The rising possibility that the US will shift towards trade protectionism – beyond the likely collapse of the Trans-Pacific Partnership (TPP) – has become a credible downside risk to the economic outlook for the Asia-Pacific (APAC) region, says Fitch Ratings.

There is a growing risk that APAC economies will be negatively affected by a US shift toward trade protectionism. President Donald Trump has threatened to label China a currency manipulator and to place large tariffs on Chinese imports, and has criticised the US-Korea FTA. Some Republicans are also pushing for tax reforms that would impose a levy on US imports from all countries. Fitch would expect China to respond with counter-measures including, but not necessarily limited to, tariffs on US imports. A ‘trade war’ would have adverse spillovers for APAC economies, particularly those that are closely connected to regional supply chains and that are most dependent on exports.

We believe this could potentially be more relevant to the APAC economic outlook than US withdrawal from TPP. The TPP, had it been implemented, would have set important foundations for economic integration in APAC, and delivered a significant long-term boost to some economies. That said, US Congressional approval of the TPP was unlikely even before President Trump’s formal withdrawal this week; TPP was not directly factored into Fitch’s baseline growth forecasts or ratings. We also did not view the agreement as a potential game-changer for members’ short-term economic prospects.

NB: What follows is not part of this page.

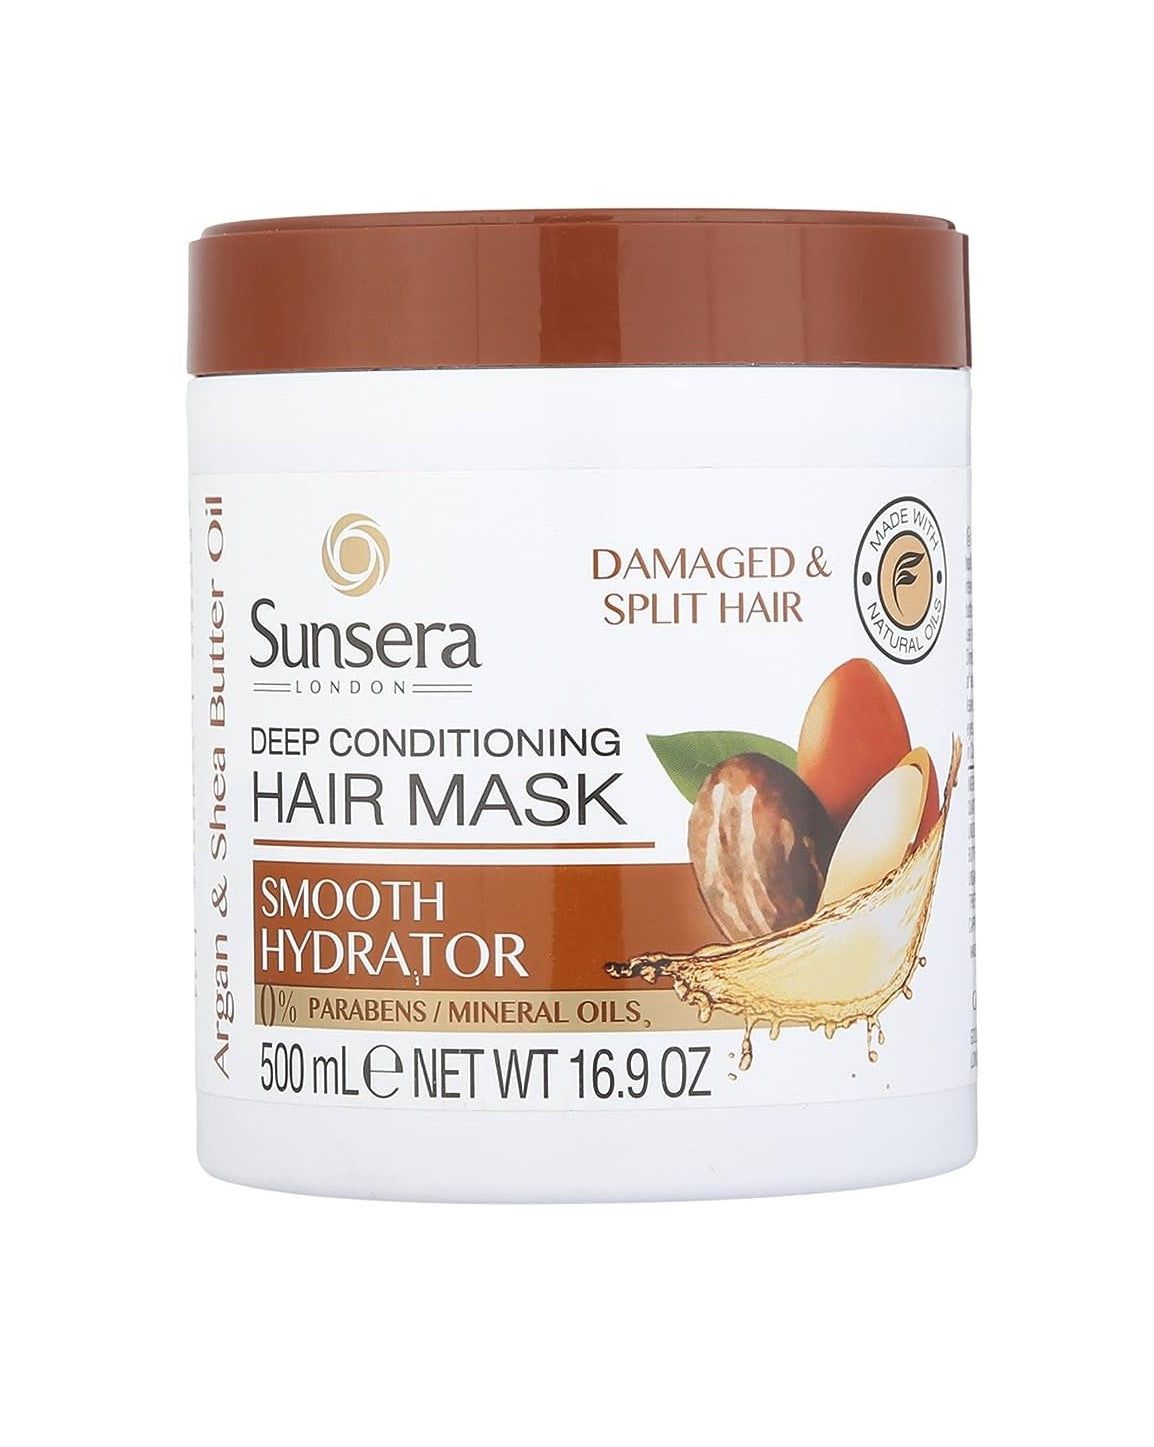 Sunsera Deep Conditioning Hair Mask with Argan & Shea Butter Oil for Damaged & Split Hair -500 ml

The TPP would have lowered tariffs among its 12 member countries. It also aimed to address other wide-ranging barriers to trade by setting rules governing intellectual property rights, business competition policies – including those related to state-owned enterprises and public procurement policies – and labour standards. The TPP therefore had the potential to help drive structural reforms that could have raised productivity and lifted foreign investment in a number of economies, particularly those with weaker business environments.

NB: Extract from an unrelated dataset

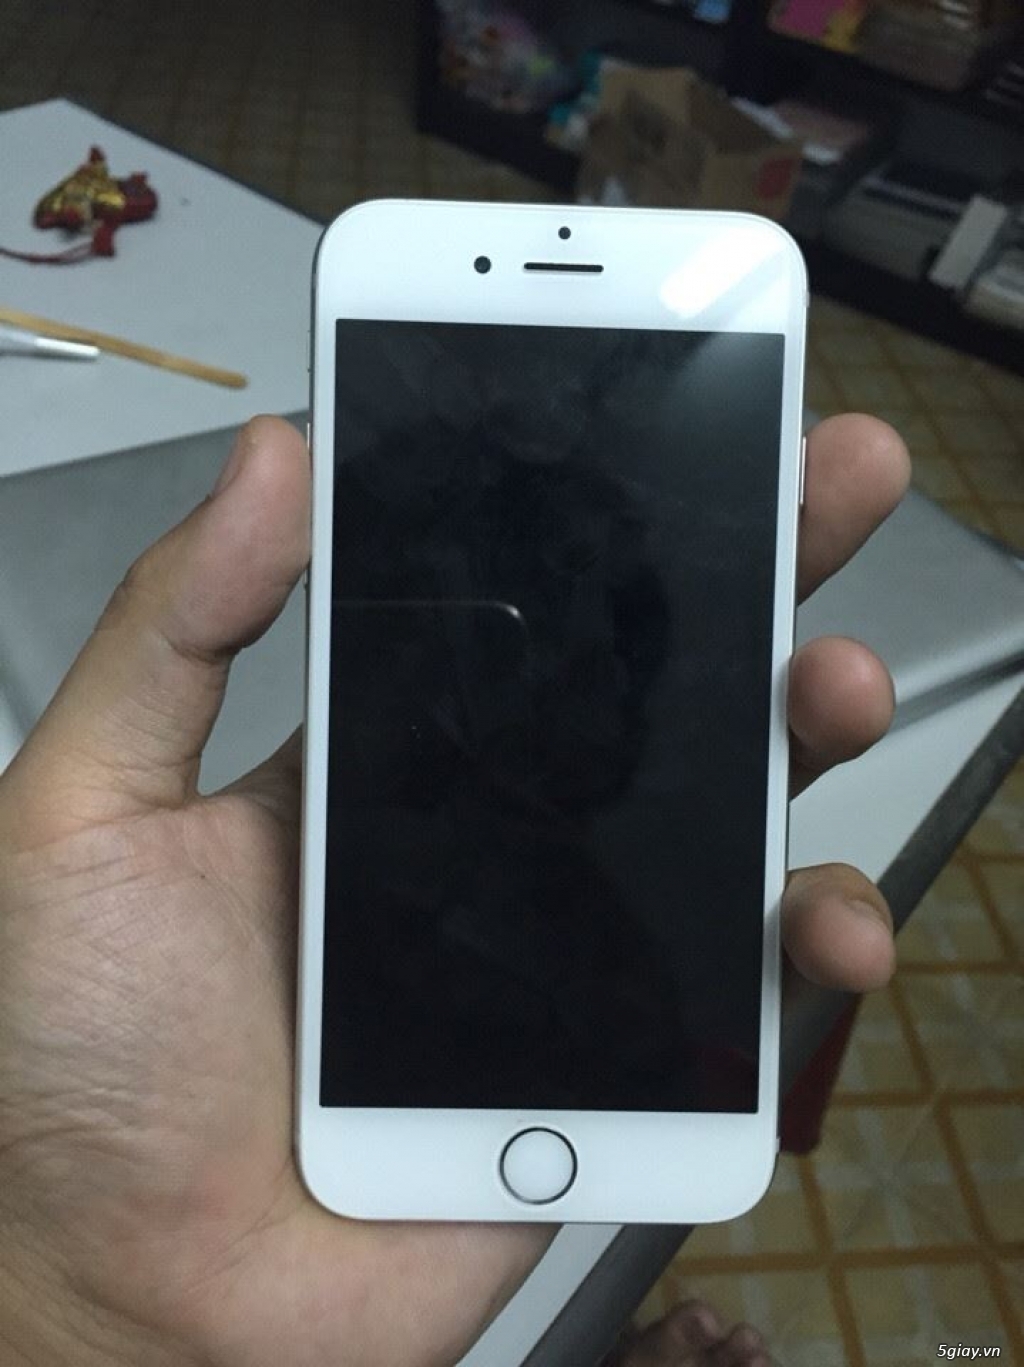 Bán nhanh iPhone 6 16G white icloud lost nguyên zin 4tr - 2

Various studies suggested that Vietnam would have been among the biggest beneficiaries of TPP. One study by the US-based Peterson Institute estimates that it would have delivered an 8% boost to Vietnam’s GDP by 2030 – relative to the baseline. Malaysia and Singapore were also expected to be significant beneficiaries – because of their export exposure to TPP members – while Japan was expected to benefit from the agreement serving as a catalyst for domestic structural reform, particularly in the agricultural sector, under the third arrow of Abenomics.

Member countries will miss out on potential benefits, but non-participants will be spared the potentially damaging effects that could have ensued from trade and investment being diverted to TPP participants. China, Indonesia, the Philippines and Thailand were notable non-participants in APAC, although some may have come under pressure to join later on (Indonesia had recently signalled an eagerness to join at TPP’s outset).

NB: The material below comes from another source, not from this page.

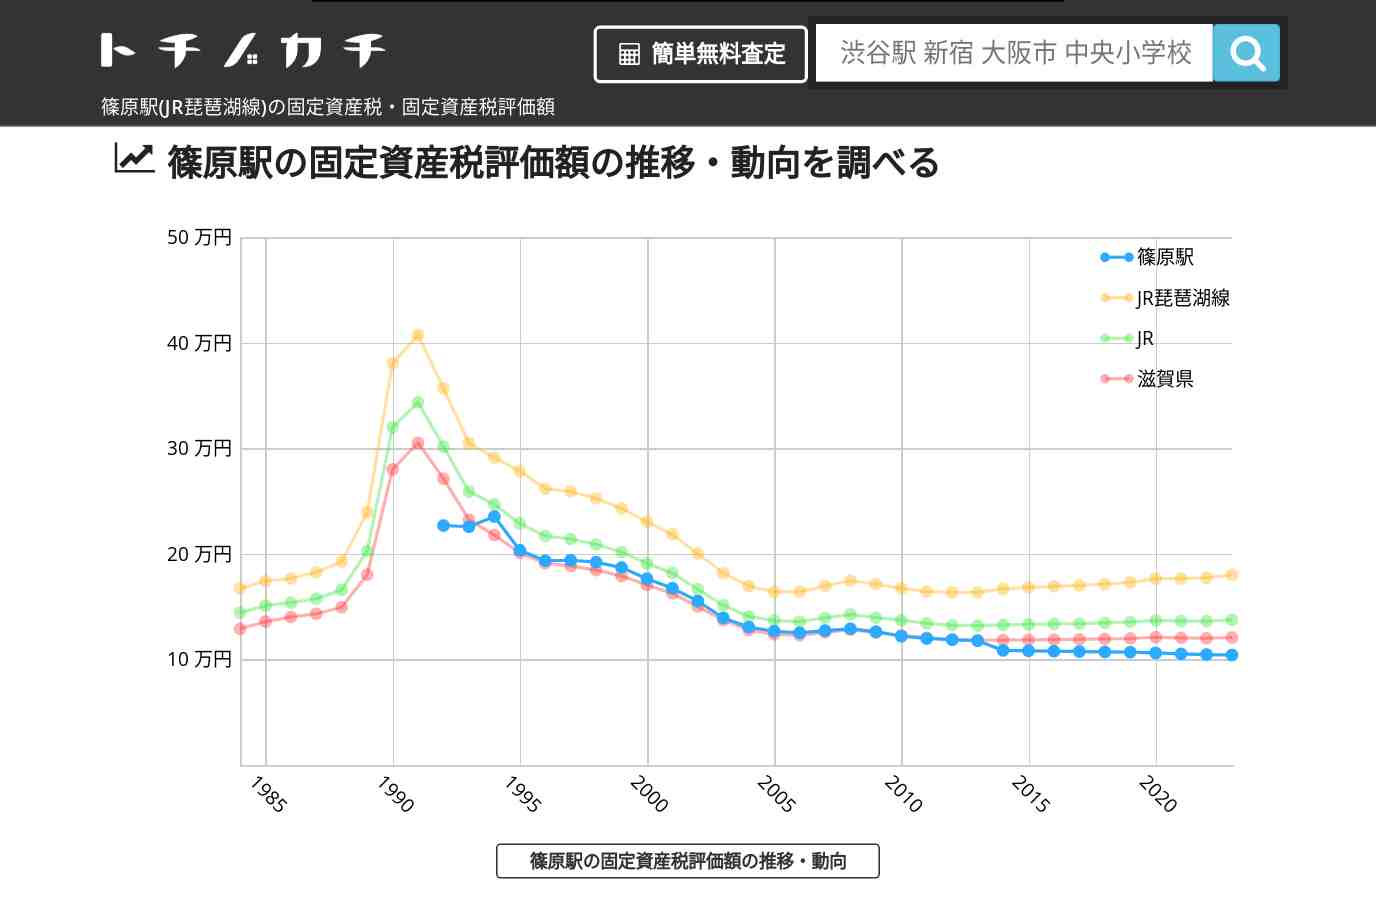 篠原駅(JR琵琶湖線)の固定資産税・固定資産税評価額 | トチノカチ

China is pushing its own Regional Comprehensive Economic Partnership (RCEP) as an alternative to the TPP. However, of the other participants – ASEAN, Japan, India and Korea – ASEAN and Korea already have free trade agreements (FTA) with China. Moreover, with its narrow focus on tariffs, the RCEP is unlikely to be the catalyst for structural reform that TPP could have been. Furthermore, it is unclear to what extent RCEP, without the participation of the US and its strong import demand, can replicate the same boost to regional economic growth prospects that was expected under TPP.